FC BATE Borisov were unstoppable in the Belarusian Premier League, winning their ninth successive title, and made it to the UEFA Champions League group stage for the fourth time in the last seven seasons. However, they had a rare lapse in the Belarusian Cup, losing to FC Neman Grodno in the quarter-finals.
Champions: FC BATE Borisov
BATE's first full campaign under coach Aleksandr Yermakovich started with a 2-0 loss against FC Shakhtyor Soligorsk, who had finished as runners-up in the previous four seasons. For a moment, it looked like a change might be coming, but BATE soon rallied and were to remain unbeaten for the remainder of the league season – a national record 31-game run. Five draws in the space of two summer months represented a wobble, but there was to be no serious resistance thereafter. Tellingly, in four encounters with BATE, their nearest rivals FC Dinamo Minsk scored just once.
Cup final: FC Neman Grodno 0-1 FC Shakhtyor Soligorsk
The first game at the new Borisov Arena was decided by one goal, scored by Artem Stargorodsky, though Neman deserve credit for having eliminated BATE after extra time in the quarter finals. Shakhtyor proved themselves to be knockout specialists as they represented Belarus in the 2014/15 UEFA Europa League, getting through two rounds before going out to PSV Eindhoven in the play-offs.
FC BATE Borisov – UEFA Champions League second qualifying round
FC Dinamo Minsk – UEFA Europa League second qualifying round
FC Shakhtyor Soligorsk – UEFA Europa League second qualifying round
2014/15 Belarusian Cup winners – 2015/16 UEFA Europa League second qualifying round
*subject to final confirmation from UEFA
Player of the year: Sergei Krivets (FC BATE Borisov)
In just 20 league appearances before his move to FC Metz in August, Krivets scored ten goals and set up 11 more, and it was his strike in the fourth minute of added time that earned BATE a 3-2 UEFA Champions League third qualifying round aggregate win against Debreceni VSC. "Football is worth playing for moments like these," he said afterwards. "We were ready to give not 100% or 150%, but much more." He gave that little bit extra in the play-offs – an assist in the first leg and a goal in the second – as BATE beat ŠK Slovan Bratislava 4-1 overall to reach the group stage.

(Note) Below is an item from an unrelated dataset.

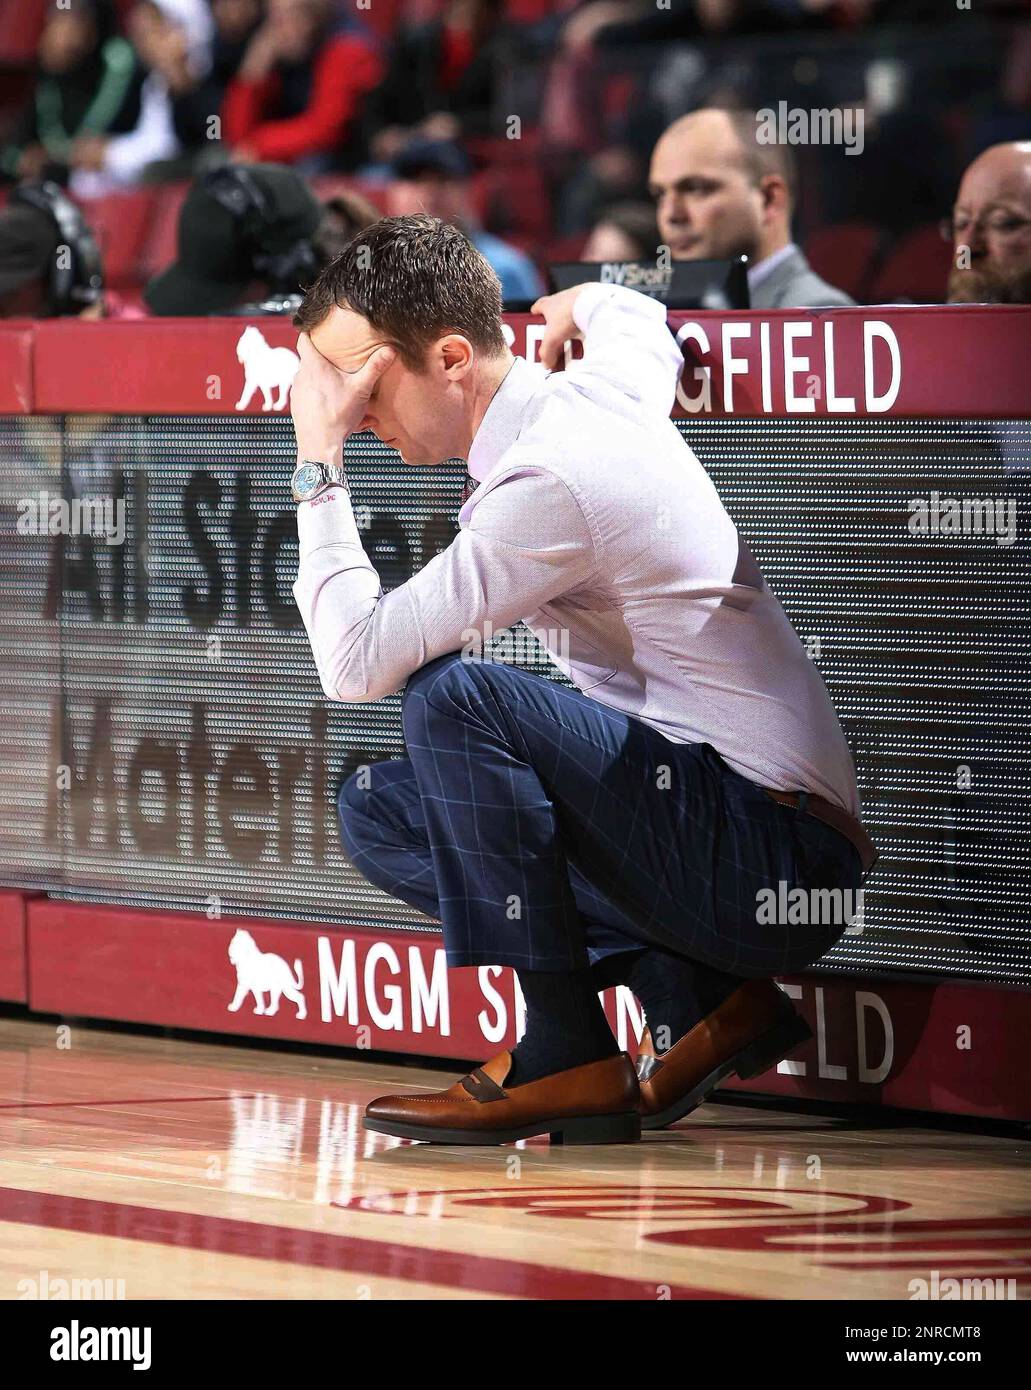 Massachusetts coach Matt McCall reacts during the second half of the team's  NCAA college basketball game against George Washington on Saturday, Jan.  18, 2020, in Amherst, Mass. (J. Anthony Roberts/The Republican via

One to watch: Pavel Savitski (FC Neman Grodno)
Runners-up in the cup final and eighth in the final league standings, Neman ended 2014 with little in terms of tangible success, but they may have the most marketable player in the league on their books in the form of 20-year-old Savitski. His personal-best haul of 11 league goals this season did not give a full picture of a man whose maturity has set him apart from his peers. With two goals in his first three international appearances since making his debut this year, he is very much one to keep an eye on.
Surprise package: FC Naftan Novopolotsk
Despite one of the lowest budgets in the Belarusian league, Naftan showed plenty of battling spirit under talented coach Valeri Stripeikis, with the 40-year-old one-time Naftan, BATE and Belarus striker getting the best out of a limited squad. A medal finish proved to be beyond them in the final shakedown, but fifth place represents a marked improvement on 2013, when they ended up tenth in the 12-team table.
Leading scorer: Nikolai Yanush (FC Shakhtyor Soligorsk), 15 goals
Relegated: FC Dnepr Mogilev
Promoted: FC Granit Mikashevichi, FC Slavia-Mozyr, FC Vitebsk
BATE's ninth successive championship extended their national record. They now have 11 Belarusian titles in total – another post-independence best.
"It was a tough season. Fans should understand that. We had new coaching staff and a lot of new players in the squad. But I am sure that we will be stronger next year. I want to say this to all of our true fans."